• **Collected material**

------------

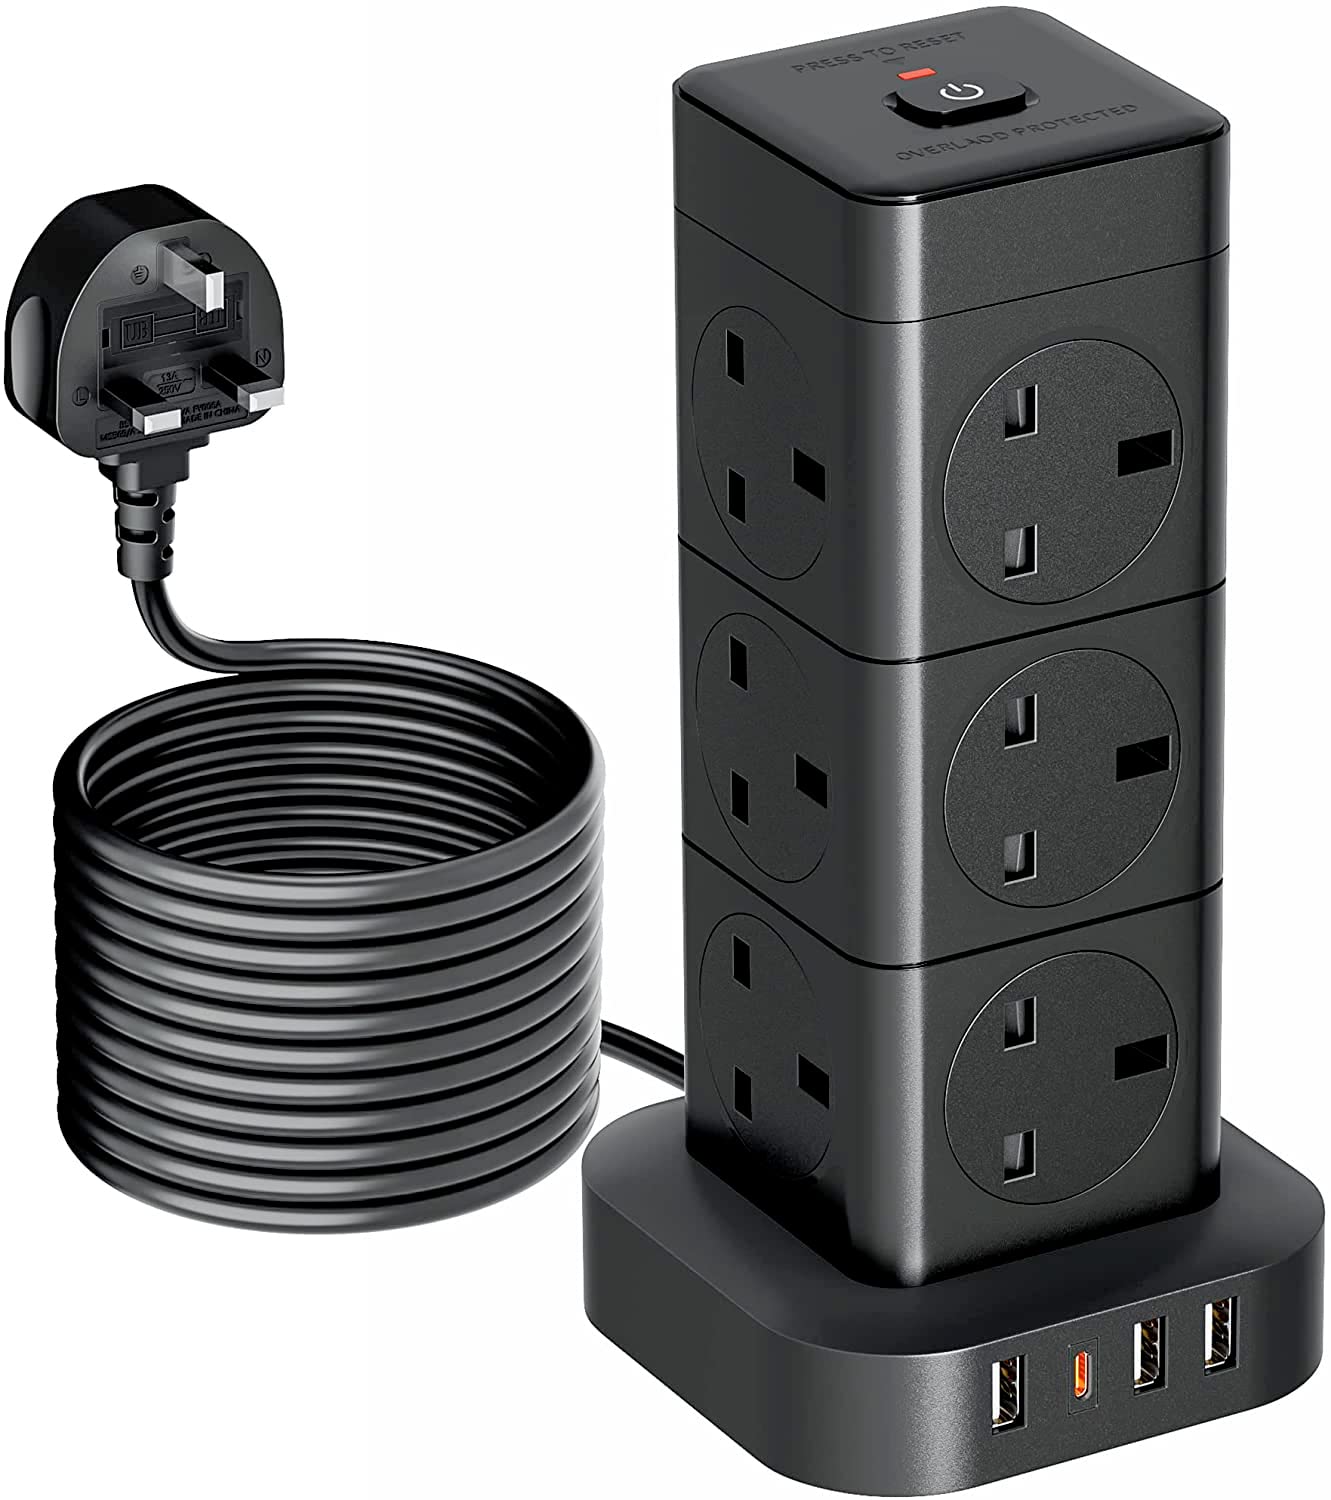 Hulker 5M Tower Extension Lead with USB, Vertical Power Strip 12 Way 4 USB Slots (1 Type C and 3 USB Ports) Multi Plug Extension Socket with Overload Protection 3250W 13A 5 Meters Long Extension Cord
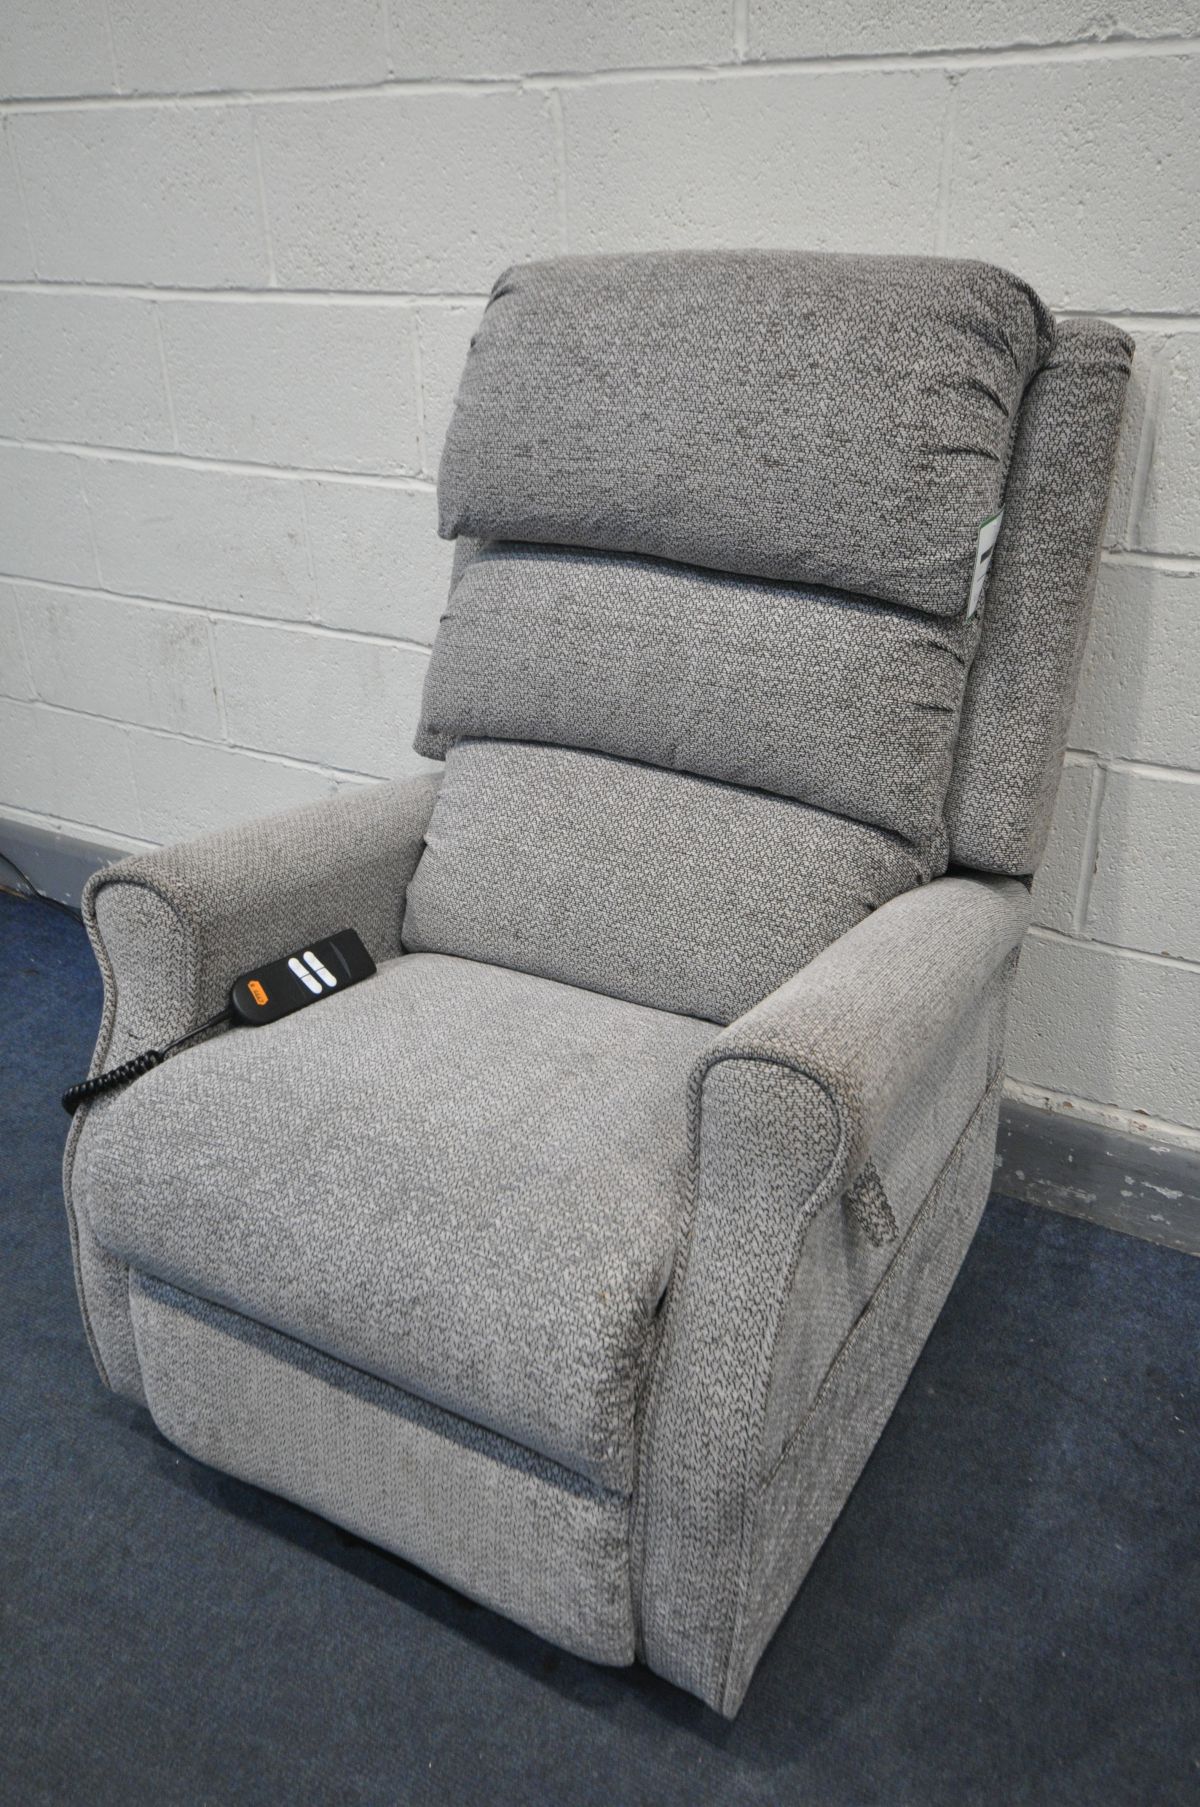 AN ELECTRIC RISE AND RECLINE ARMCHAIR (PAT pass and working)
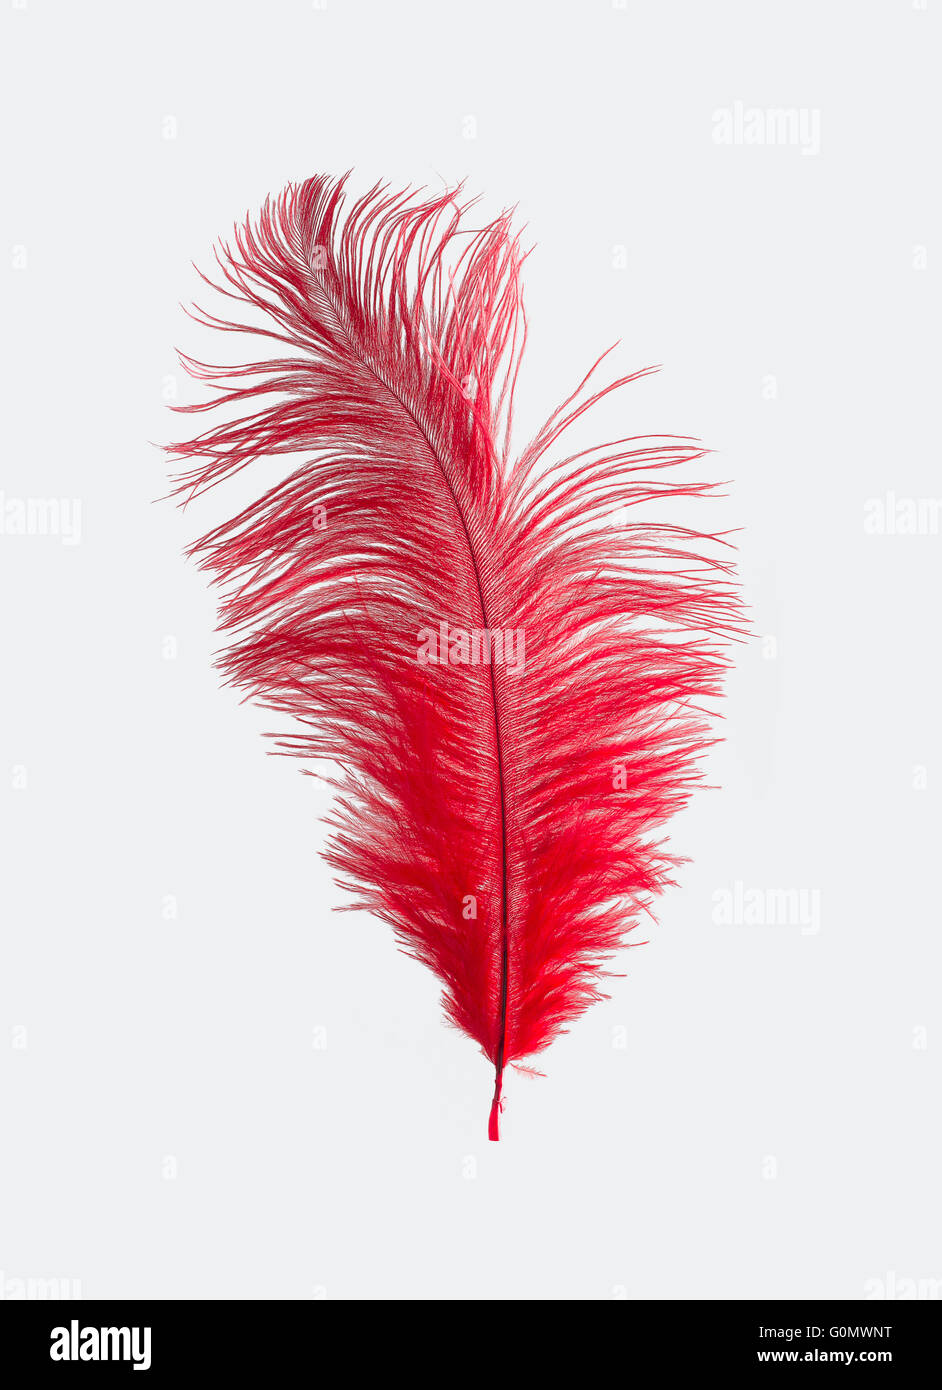 Red feathers Stock Photos, Royalty Free Red feathers Images

------------

• **Work instruction**
Extract, word for word, each line from the one that contains "AN ELECTRIC RISE" through the final line of the data above. Leave the pictures out.

• **Final answer**
 AN ELECTRIC RISE AND RECLINE ARMCHAIR (PAT pass and working)
 Red feathers Stock Photos, Royalty Free Red feathers Images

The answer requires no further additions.